___ SUPPLIED MATERIAL ___
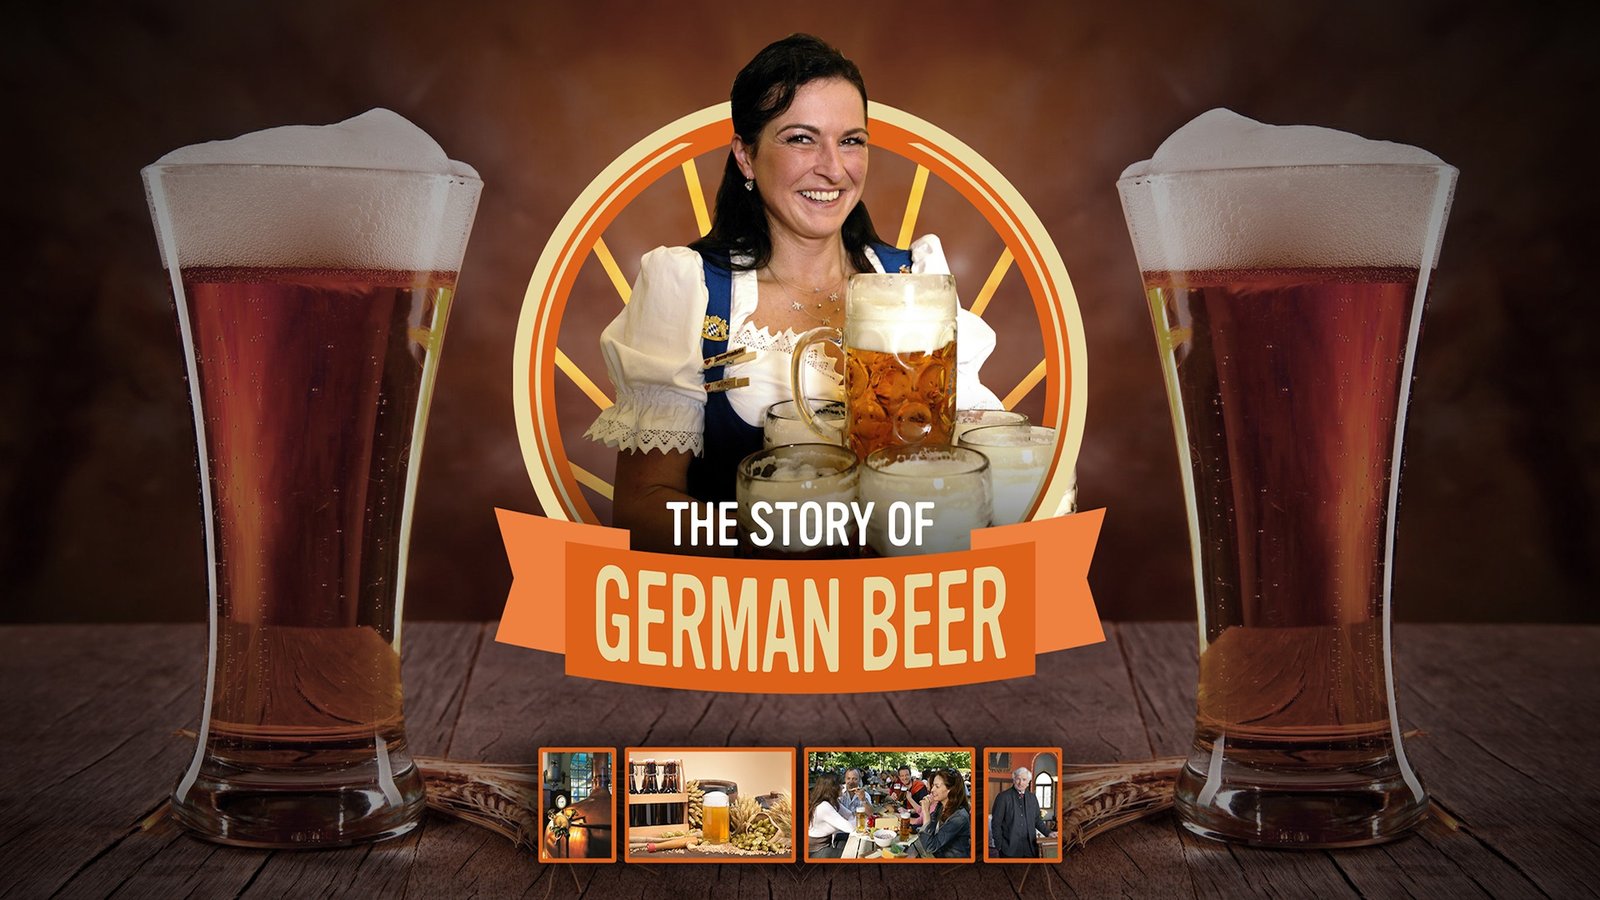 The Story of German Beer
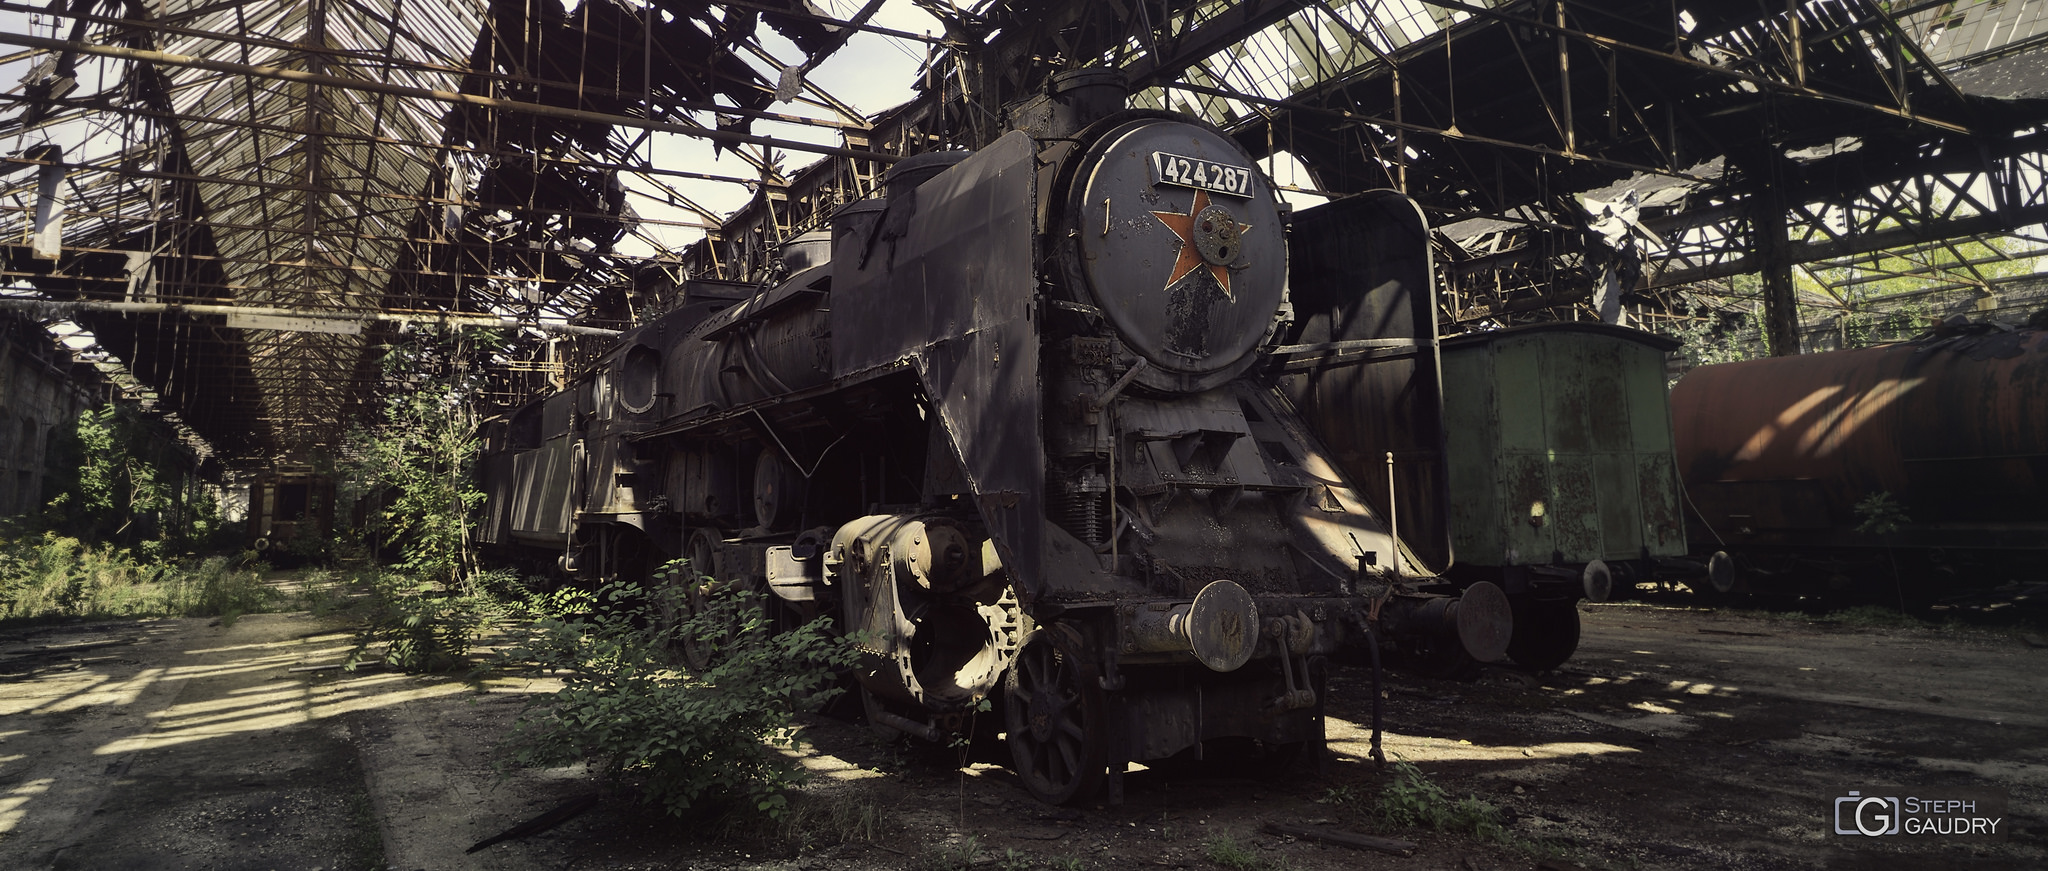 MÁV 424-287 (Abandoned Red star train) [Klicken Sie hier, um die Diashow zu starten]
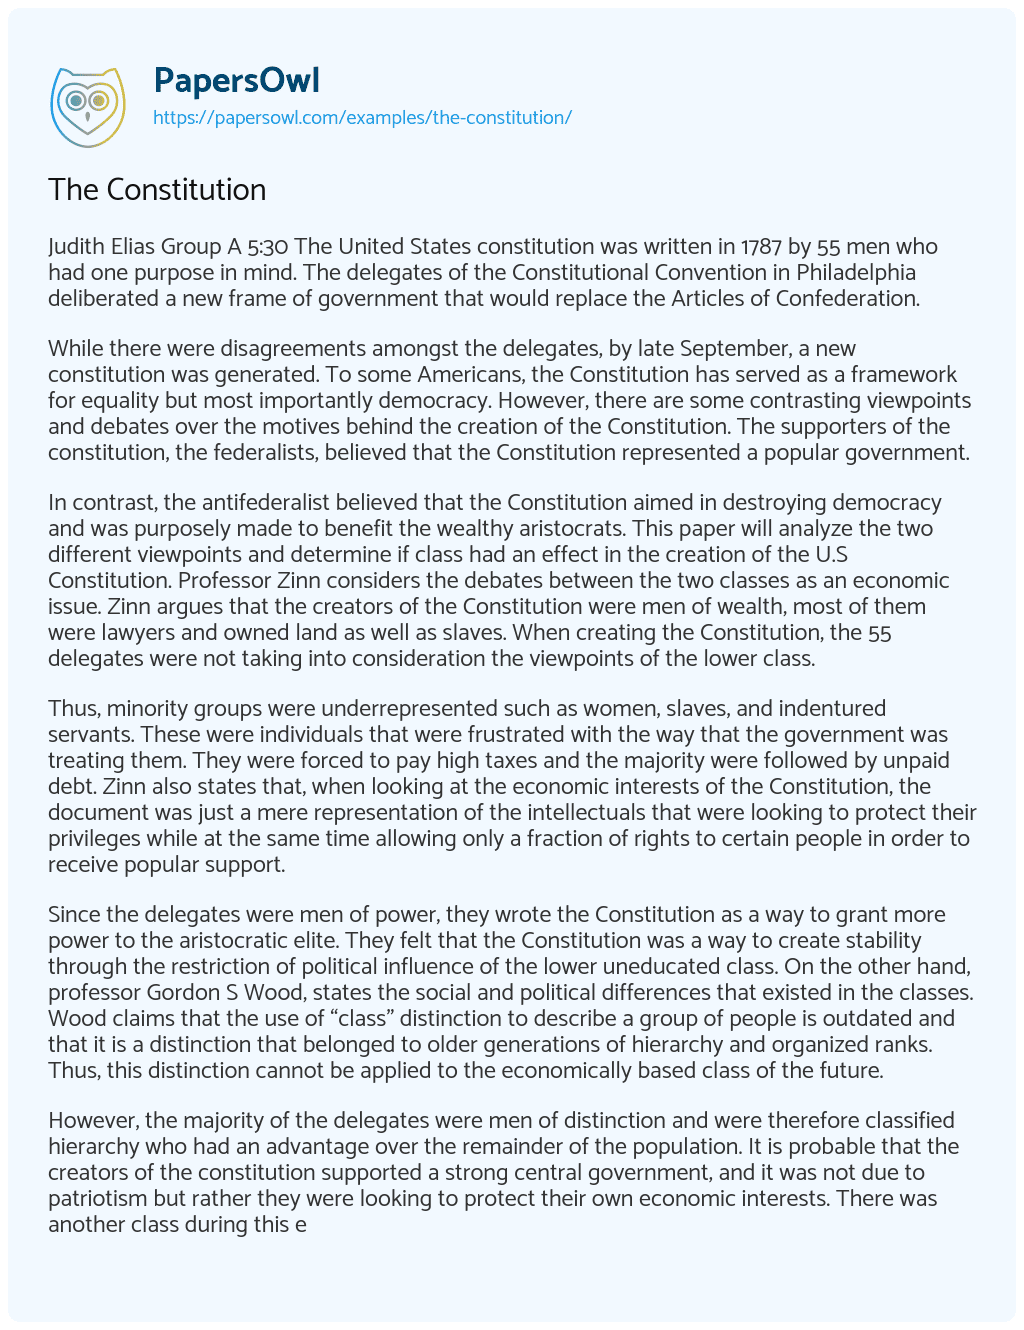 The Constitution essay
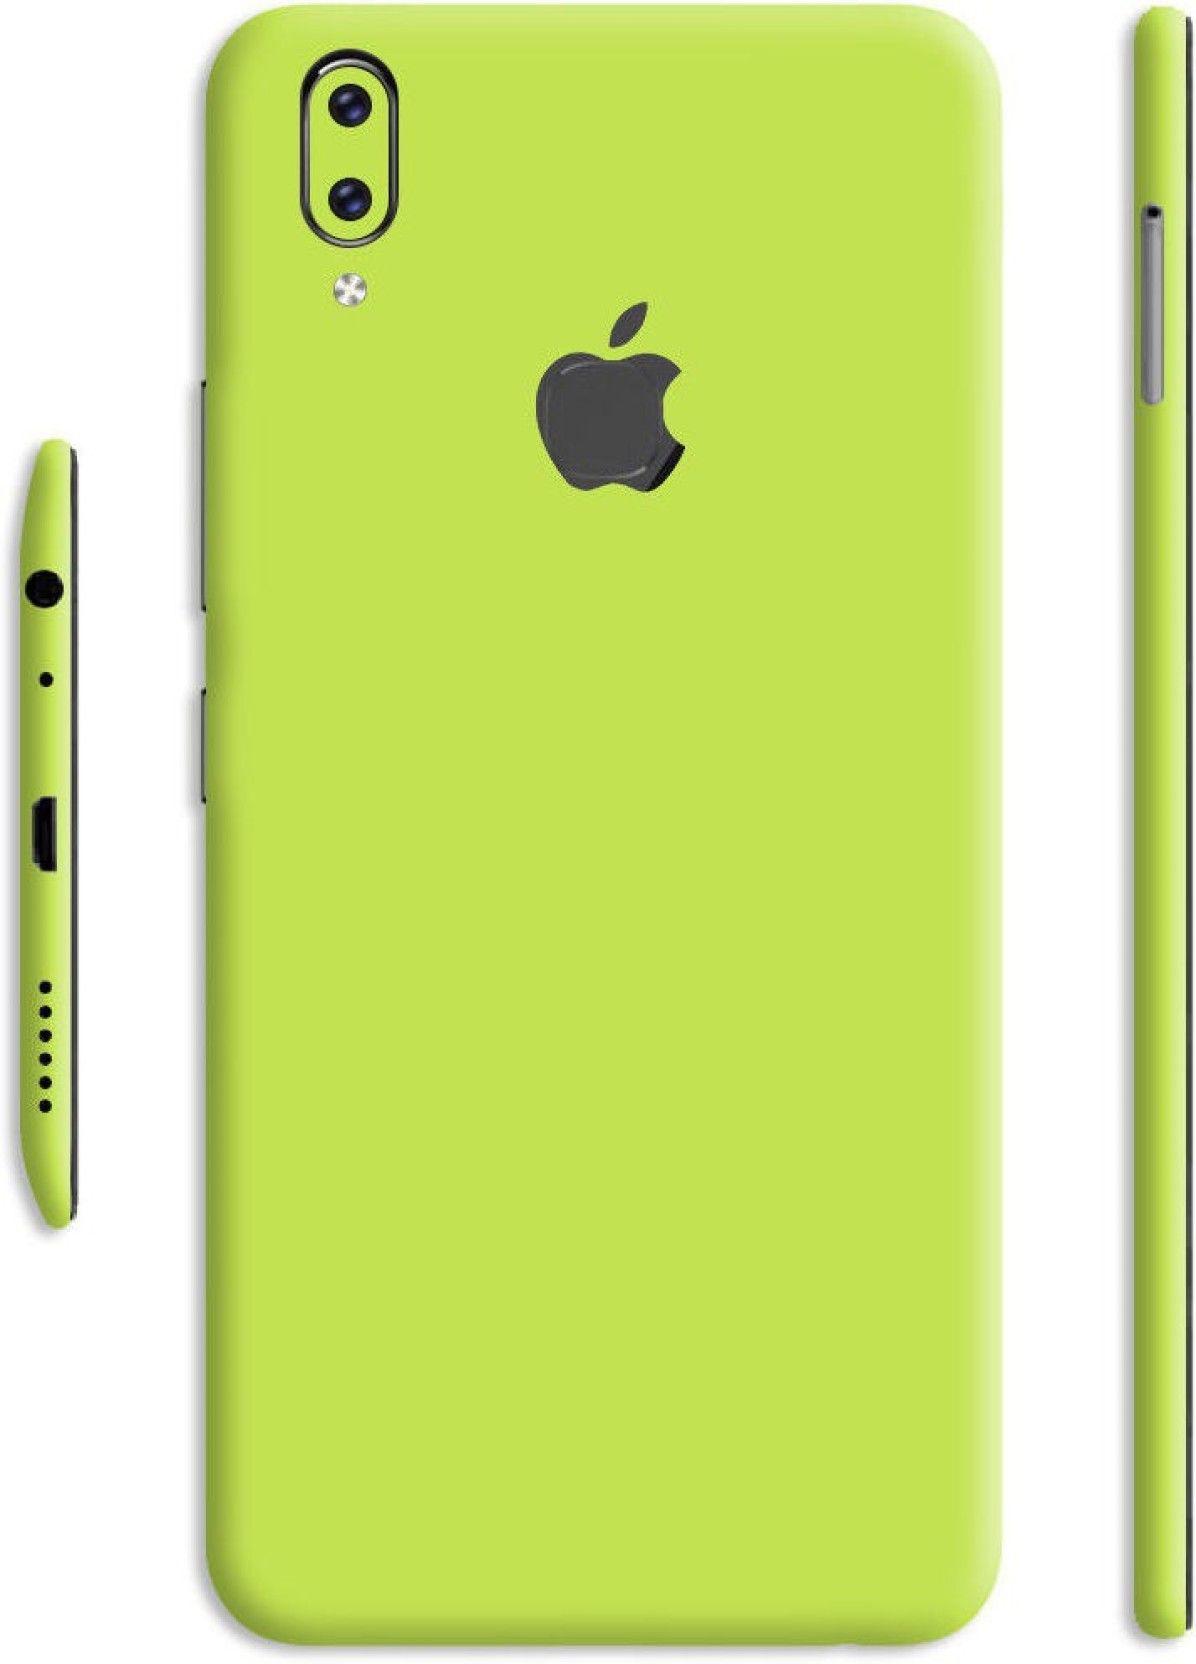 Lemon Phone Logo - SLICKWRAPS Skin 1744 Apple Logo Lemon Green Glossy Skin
___
» **WHAT IS NEEDED**: From the line containing "MÁV 424-287 (Abandoned" down to the final line of the listing above, write out only those lines exactly as they are, minus the pictures.

» **TASK RESULT**:
 MÁV 424-287 (Abandoned Red star train) [Klicken Sie hier, um die Diashow zu starten]
 The Constitution essay
 Lemon Phone Logo - SLICKWRAPS Skin 1744 Apple Logo Lemon Green Glossy Skin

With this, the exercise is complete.